Pertussis toxin (PTX) has been widely used as a reagent to characterize the involvement of heterotrimeric G-proteins in signalling. This toxin catalyses the ADP-ribosylation of specific G-protein alpha subunits of the Gi family, and this modification prevents the occurrence of the receptor-G-protein interaction. This review focuses on the biochemical properties and signalling of those G-proteins historically classified as 'PTX-resistant' due to the inability of the toxin to influence signalling through them. These G-proteins include members of the Gq and G12 families and one Gi family member, i.e. Gz. Signalling pathways controlled by these G-proteins are well characterized only for Gq family members, which activate specific isoforms of phospholipase C, resulting in increases in intracellular calcium and activation of protein kinase C (PKC), among other responses. While members of the G12 family have been implicated in processes that regulate cell growth, and Gz has been shown to inhibit adenylate cyclase, the specific downstream targets to these G-proteins in vivo have not been clearly established. Since two of these proteins, G12 alpha and Gz alpha, are excellent substrates for PKC, there is the potential for cross-talk between their signalling and Gq-dependent processes leading to activation of PKC. In tissues that express these G-proteins, a number of guanine-nucleotide-dependent, PTX-resistant, signalling pathways have been defined for which the G-protein involved has not been identified.

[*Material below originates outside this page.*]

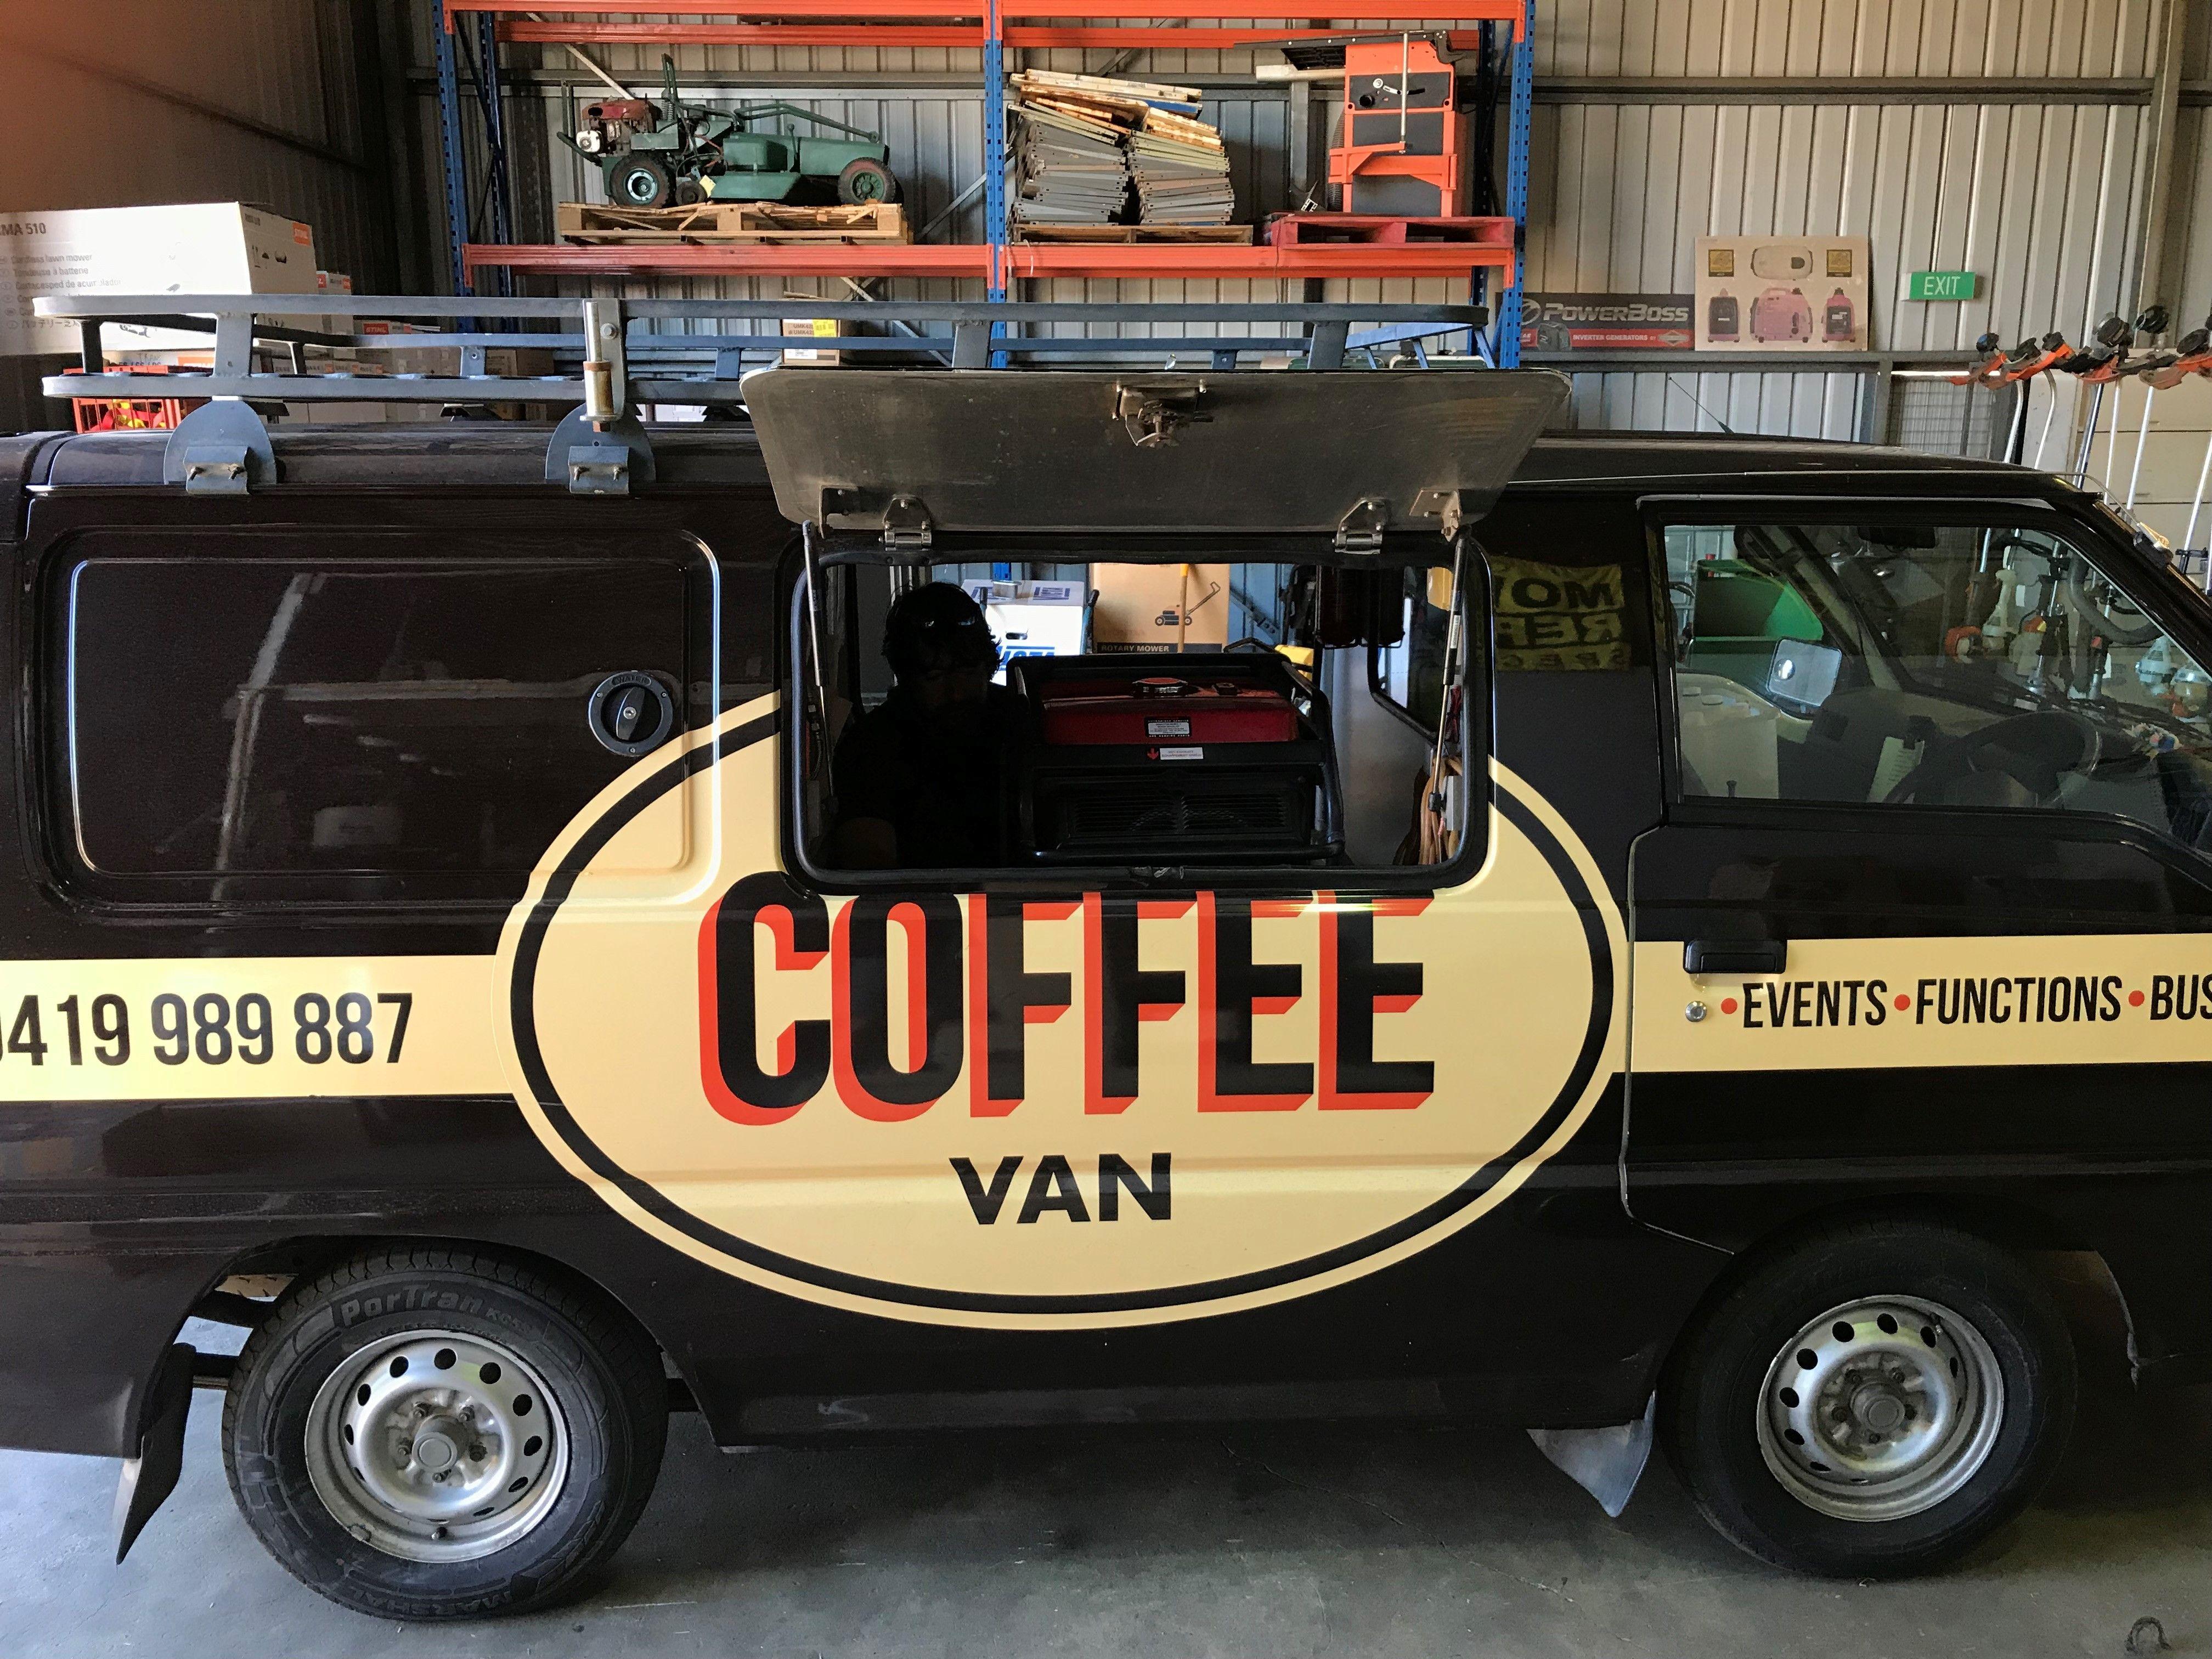 Technician Darren is making sure the Honda Generator in Geraldton's Coffee Van is spot on. Thousands of tired Gero Coffee lovers rely on you mate.    #geraldtoncoffeevan #hondapowerequipment #em50 #Generator #geraldtonmowers #gerladton #weareyardsinfront #hondapower #hondadealer #authoriseddealer #geraldtoncoffee @hondapowerequipmentau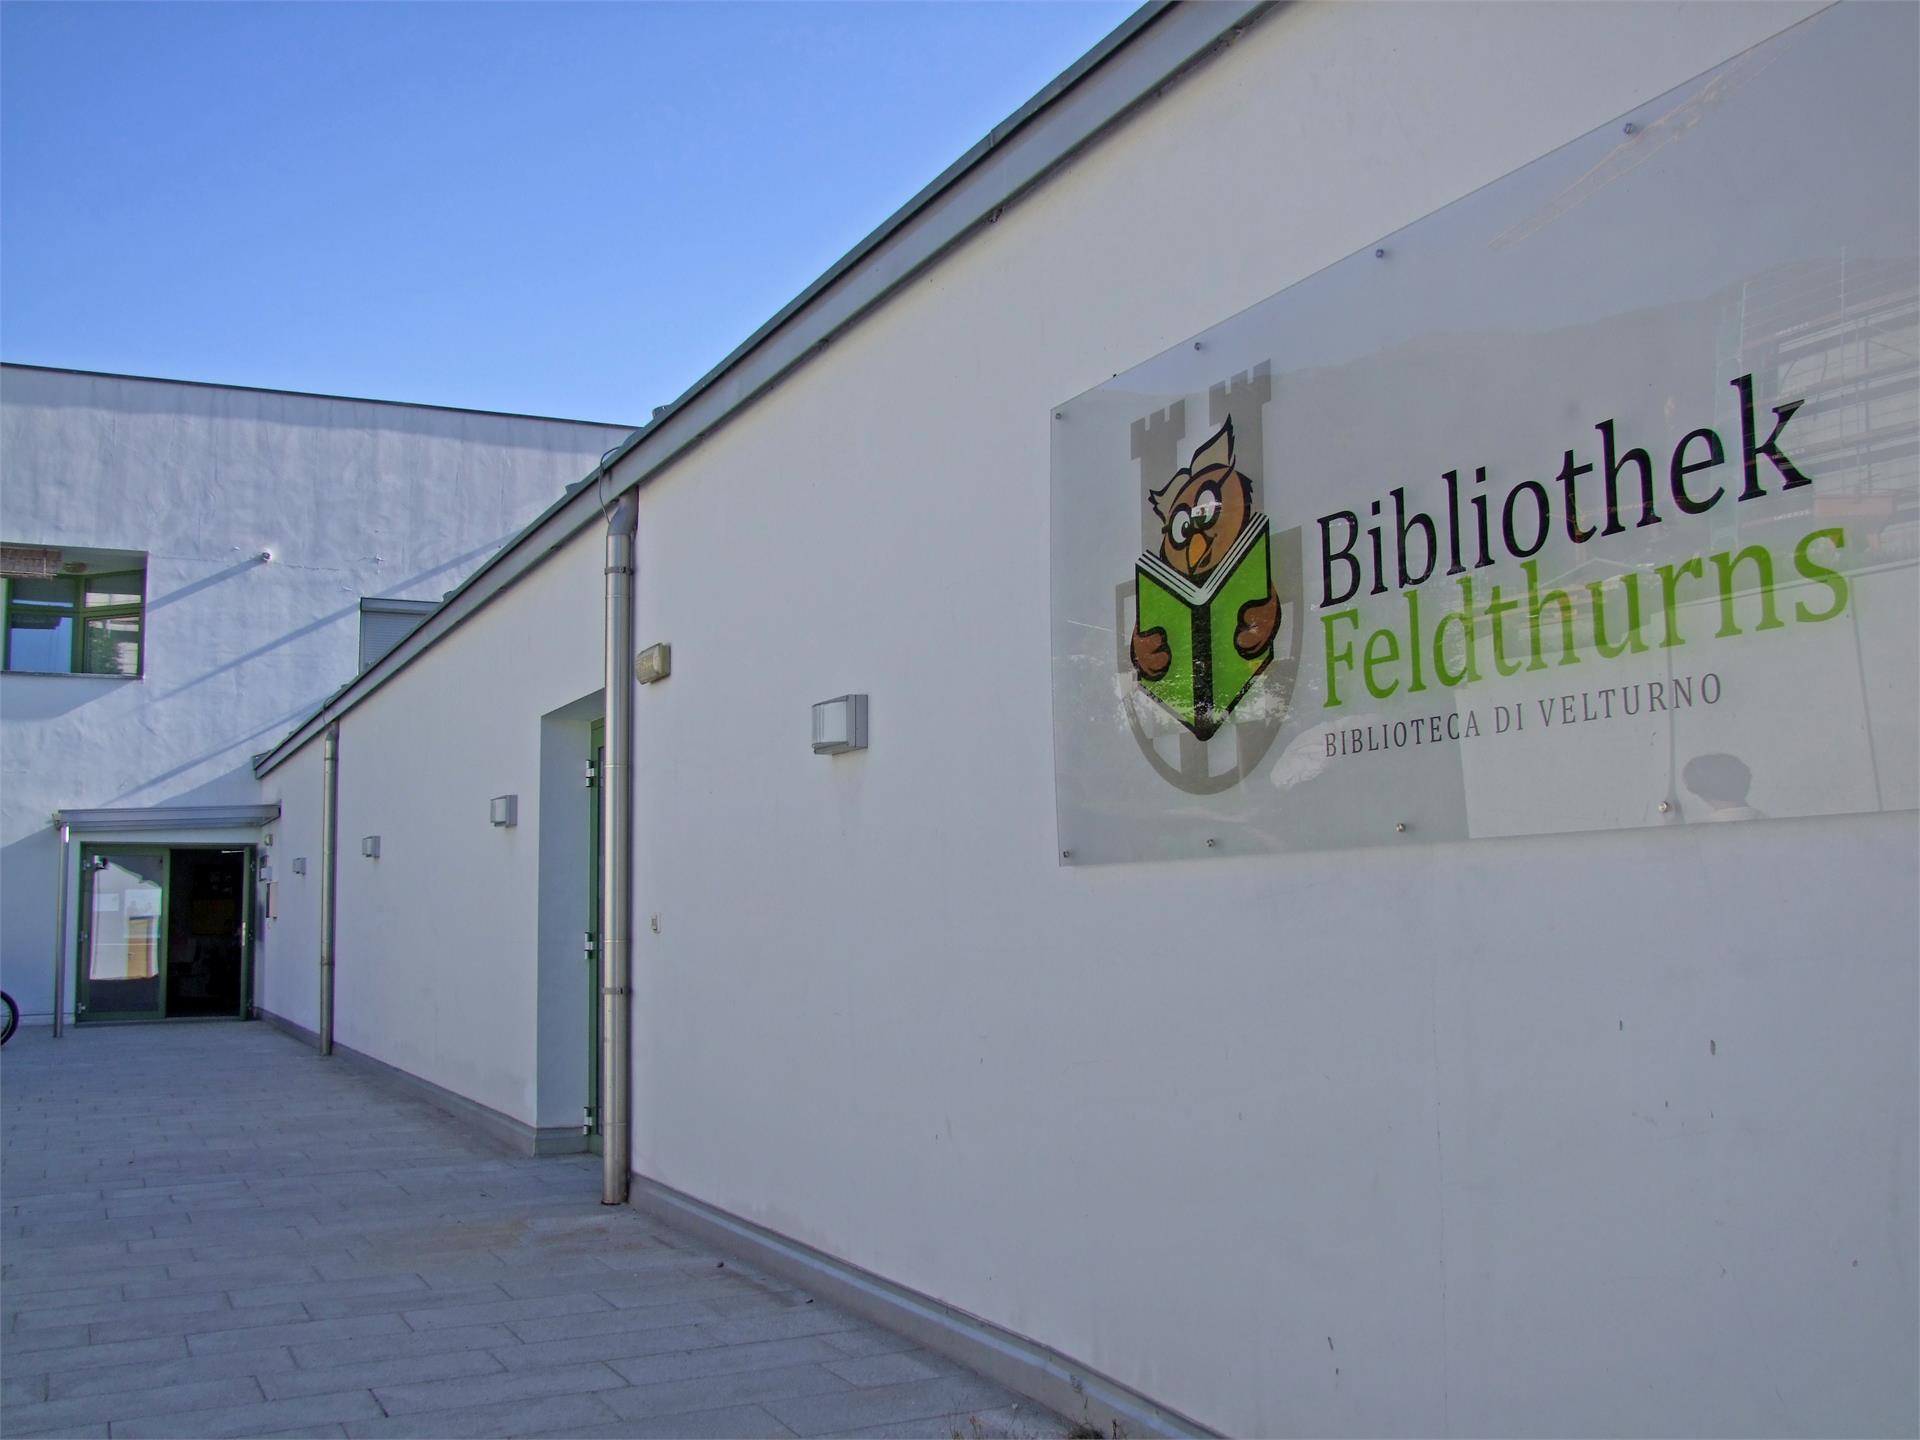 Library Velturno

This review summarizes these pathways and discusses the evidence both for the participation of specific PTX-resistant G-proteins in them and for the regulation of these processes by PKC.

摘要

百日咳毒素(PTX)已被广泛用作一种试剂,以表征异源三聚体G蛋白在信号传导中的作用。这种毒素催化Gi家族特定G蛋白α亚基的ADP核糖基化,这种修饰会阻止受体 - G蛋白相互作用的发生。本综述重点关注那些由于毒素无法通过它们影响信号传导而在历史上被归类为“对PTX耐药”的G蛋白的生化特性和信号传导。这些G蛋白包括Gq和G12家族的成员以及一个Gi家族成员,即Gz。仅对于Gq家族成员,由这些G蛋白控制的信号通路已得到充分表征,它们激活磷脂酶C的特定同工型,导致细胞内钙增加和蛋白激酶C(PKC)激活等反应。虽然G12家族成员已被认为参与调节细胞生长的过程,并且Gz已被证明可抑制腺苷酸环化酶,但这些G蛋白在体内的特定下游靶点尚未明确确定。由于其中两种蛋白,G12α和Gzα,是PKC的优良底物,它们的信号传导与Gq依赖性过程之间存在相互作用导致PKC激活的可能性。在表达这些G蛋白的组织中,已经定义了许多鸟嘌呤核苷酸依赖性、对PTX耐药的信号通路,其中涉及的G蛋白尚未确定。本综述总结了这些通路,并讨论了特定的对PTX耐药的G蛋白参与其中以及PKC对这些过程进行调节的证据。